About Sirius Therapeutics
Sirius Therapeutics is a clinical-stage biotechnology company dedicated to advancing human health and well-being. As a leader in the development of groundbreaking siRNA therapies for chronic disease prevention and treatment, its current pipeline includes SRSD107 for thromboembolic disorders, SRSD216 for elevated lipoprotein(a), and SRSD101 for dyslipidemia, all of which have entered the clinical development phase.
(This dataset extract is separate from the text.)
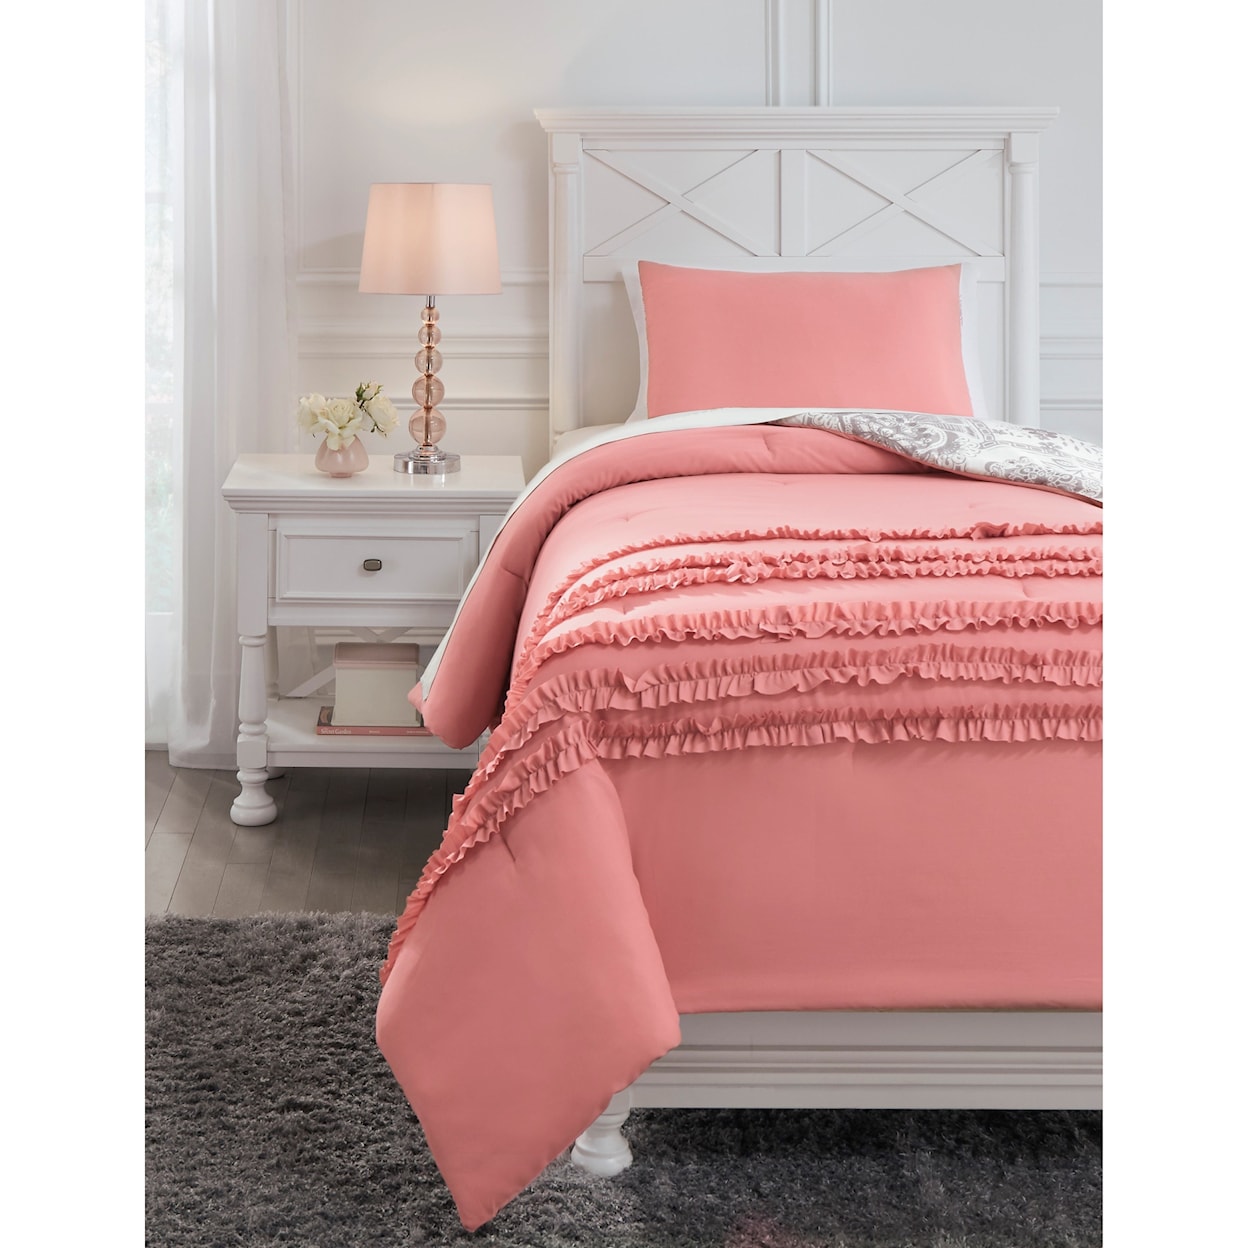 Signature Design by Ashley Bedding Sets Twin Avaleigh Pink/White/Gray Comforter Set

Founded in 2021, Sirius Therapeutics was incubated by an internationally renowned management team and globally prominent healthcare investment institutions. The company adopts an international strategic positioning, leveraging the talent and resource advantages in the field of small nucleic acid therapies from both the United States and China. It has established a layout with the U.S. as the source of innovative discovery center and China as the global translational medicine center. Utilizing its core technology platform for small nucleic acid drug research and development, the company has developed multiple product pipelines with either first-in-class or best-in-class potential, offering differentiated global competitive advantages. To date, the company has raised nearly 150 million U.S. dollars in cumulative financing.
About Hancang Capital
Hankang Capital is a venture capital fund focused on the pharmaceuticals and healthcare industry. With the mission of "empowering pharmaceutical innovation and safeguarding human health," the fund collaborates with top scientists and entrepreneurs to develop breakthrough drugs for the treatment of major diseases. Hankang Capital, rooted in China while maintaining a global perspective, has invested in multiple enterprises that have since grown into industry leaders, such as Akeso Inc. (09926.HK), InnoCare Pharma (09969.HK, 688428.SH), Connaught Bio (02162.HK), Abbisko Therapeutics (02256.HK), DualityBio (09606.HK), Chipscreen Biosciences (688321.SH), and OPM Biosciences (688293.SH).